Каковы же общие итоги тех изменений, которые произошли в собственности бюргерской оппозиции[847]. Как мы уже показали выше, хотя и на фрагментарном материале, относящемся только к городу Праге, все же можно отметить, что здесь в результате перехода земельных владений церкви, патрициата, частью и королевской собственности в руки дворянства и бюргерства Праги не произошло каких-либо глубоких радикальных изменений в отношениях между старыми держателями земли и новыми ее владельцами. Следовательно, можно полагать, что здесь не произошло тех процессов, которые имели место, например, в Англии в XVI в. в итоге секуляризации церковных земель, т. е. феодальная собственность не преобразовалась, хотя бы частично, в буржуазную. Об этом говорит и характер земельной собственности и земельных отношений во второй половине XV в. и в последующий период.

Было бы, однако, совершенно неверно не видеть тех крупных изменений, которые мог повлечь за собою при прочих благоприятных условиях переход части патрицианских и церковных владений в руки бюргерства[848]. Изменения в отношениях собственности привели, во-первых, к значительному обогащению бюргерства и, следовательно, к возрастанию его экономических возможностей. Можно полагать, что это обстоятельство помогло дальнейшему расширению ремесла и торговли. Ближайшие десятилетия после гуситских войн отмечены как раз восстановлением и дальнейшим ростом ремесленного производства. В Праге, например, возникло много новых цеховых организаций[849], значительно оживилась и расширилась внешняя торговля страны.

Во-вторых, положительное значение для развития экономики имело то обстоятельство, что в итоге гуситских войн бюргерство получило значительно большую, чем прежде, свободу в распоряжении своей собственностью, чего оно добивалось еще в догуситский период. И это должно было положительно сказаться на развитии товарно-денежных отношений в чешских землях.

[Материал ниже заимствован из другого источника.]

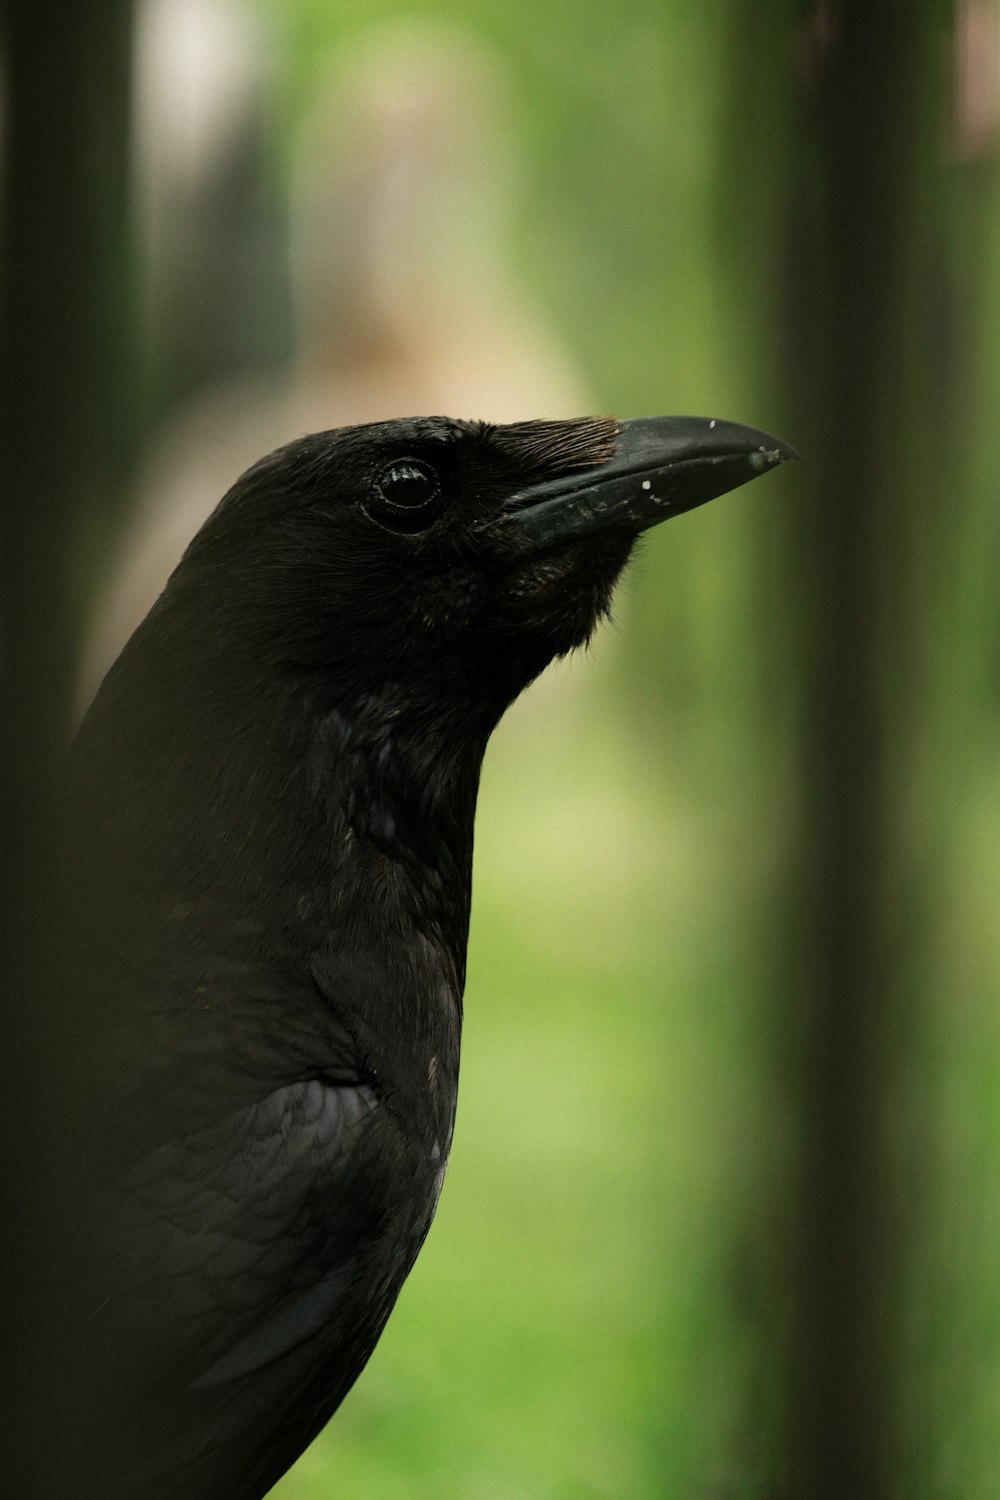 black crow in tilt shift lens

В-третьих, изменении в отношениях собственности оказали, безусловно, существенное влияние на значительное повышение удельного веса третьего сословия в политической жизни страны. Главная и теперь весьма заметная роль в городах принадлежала именно бюргерству королевских городов, о чем подробно будет сообщено в последующем изложении. Закрепление за королевскими городами прав постоянного члена государственных сеймов, значительная демократизация городской жизни вообще создавали в свою очередь благоприятные возможности для экономического развития городов. К сожалению, в дальнейшем развитие страны в направлении — «второго издания» крепостничества не дало возможности полного развития всех благоприятных предпосылок.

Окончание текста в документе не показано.